▶ **WHAT THE TASK ASKS**: A verbatim repetition of the data below is requested, without images.

▶ **INFORMATION SHOWN**:
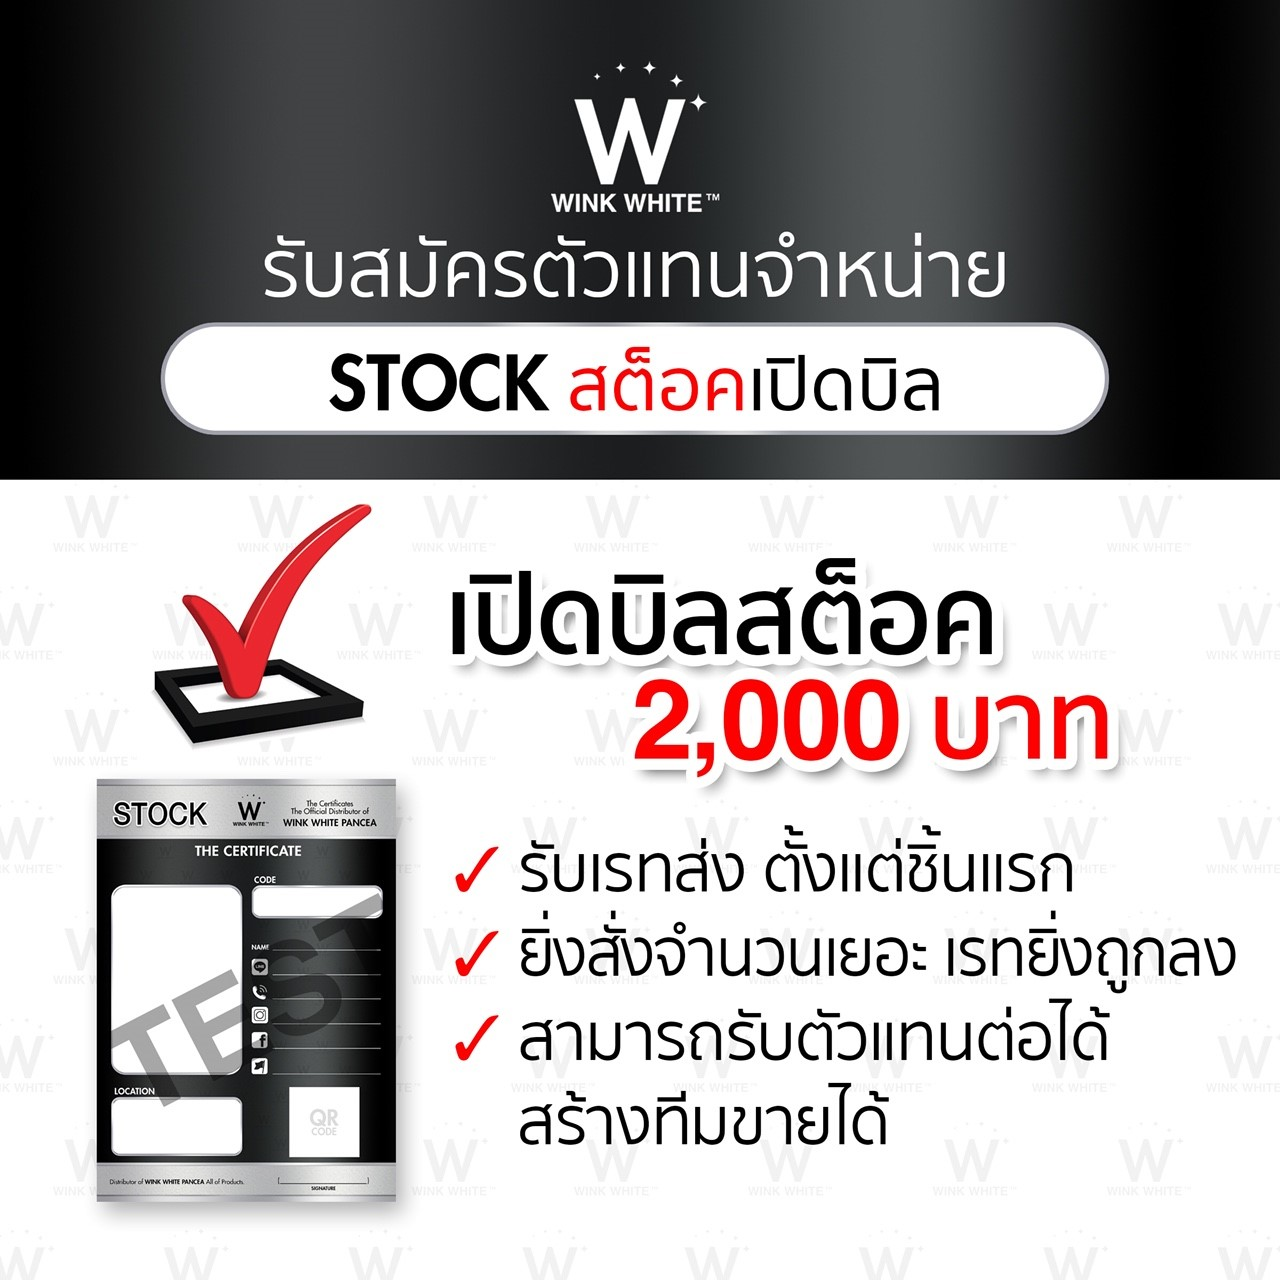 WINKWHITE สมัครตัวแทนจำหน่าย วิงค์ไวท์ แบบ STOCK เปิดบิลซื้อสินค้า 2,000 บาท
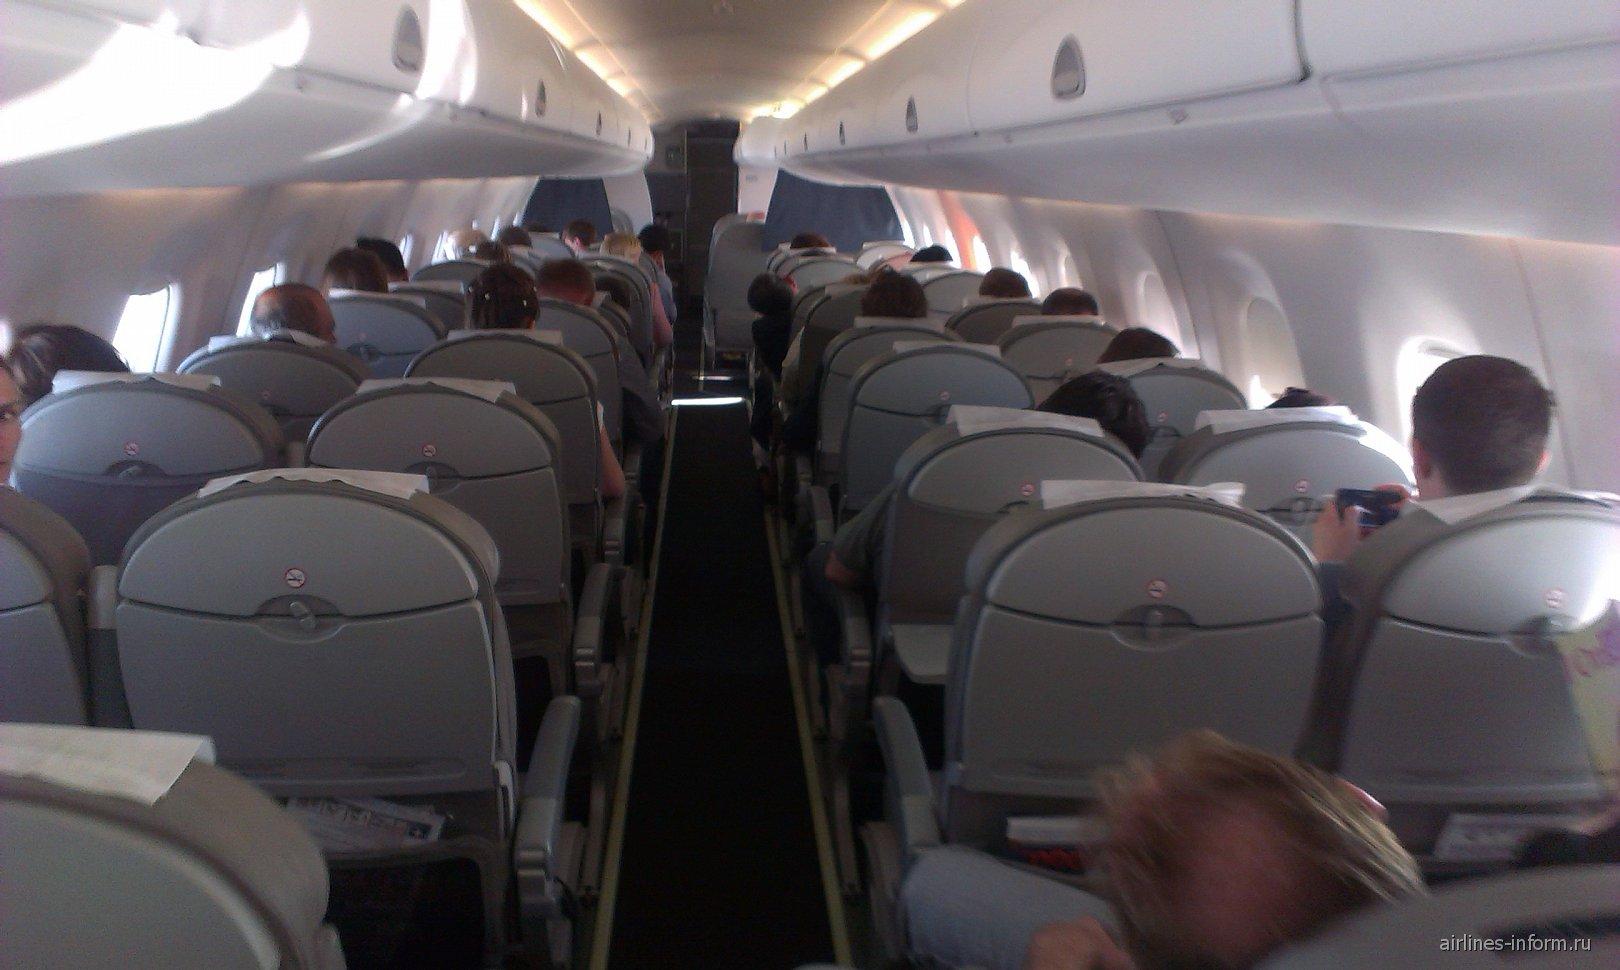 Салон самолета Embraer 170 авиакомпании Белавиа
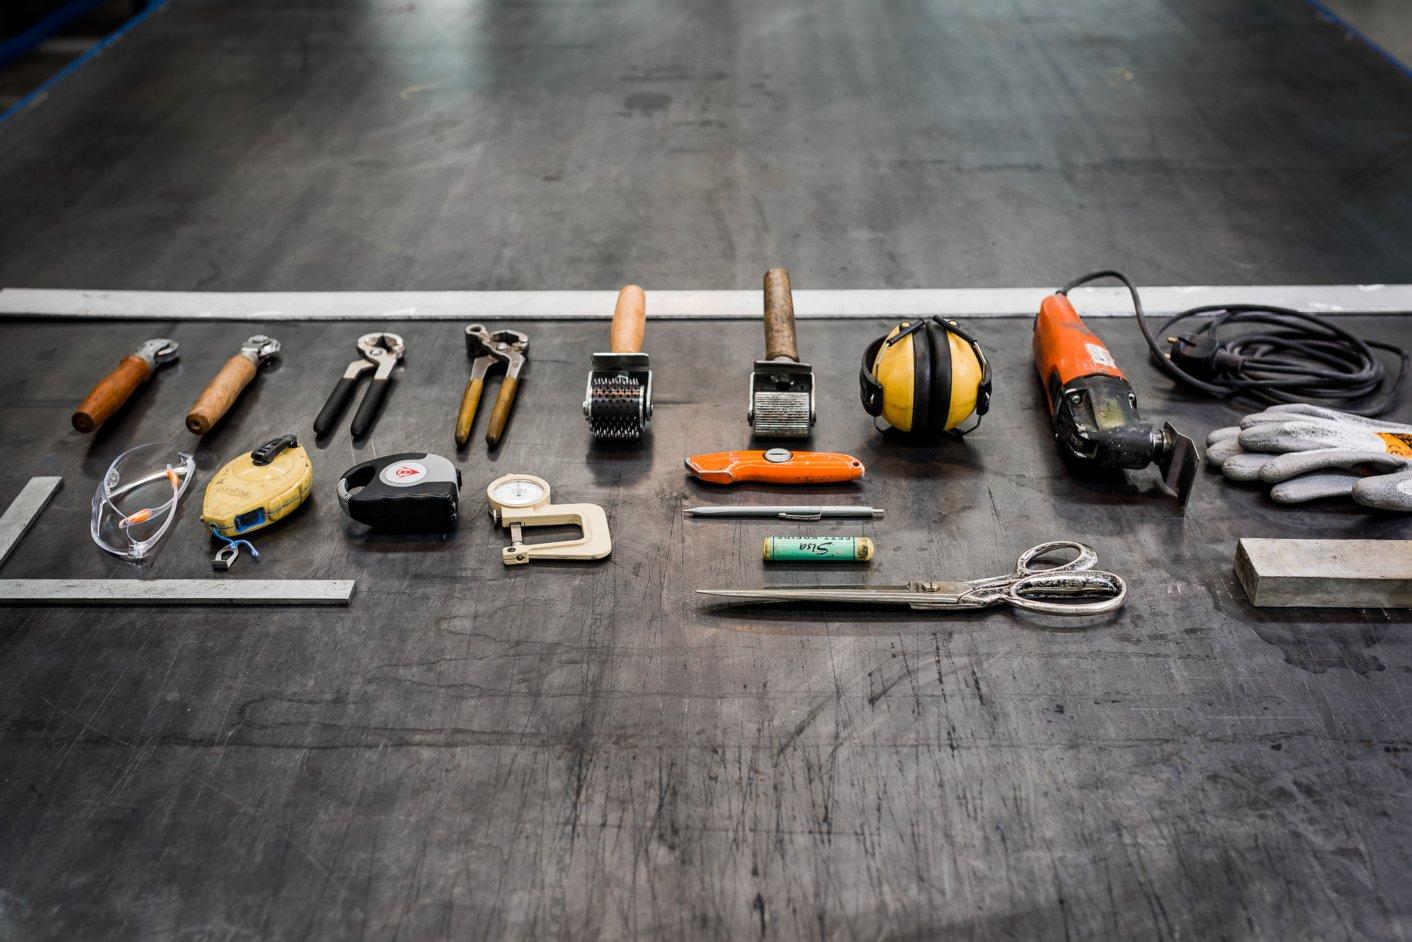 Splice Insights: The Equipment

▶ **RESPONSE TO THIS TASK**:
 WINKWHITE สมัครตัวแทนจำหน่าย วิงค์ไวท์ แบบ STOCK เปิดบิลซื้อสินค้า 2,000 บาท
 Салон самолета Embraer 170 авиакомпании Белавиа
 Splice Insights: The Equipment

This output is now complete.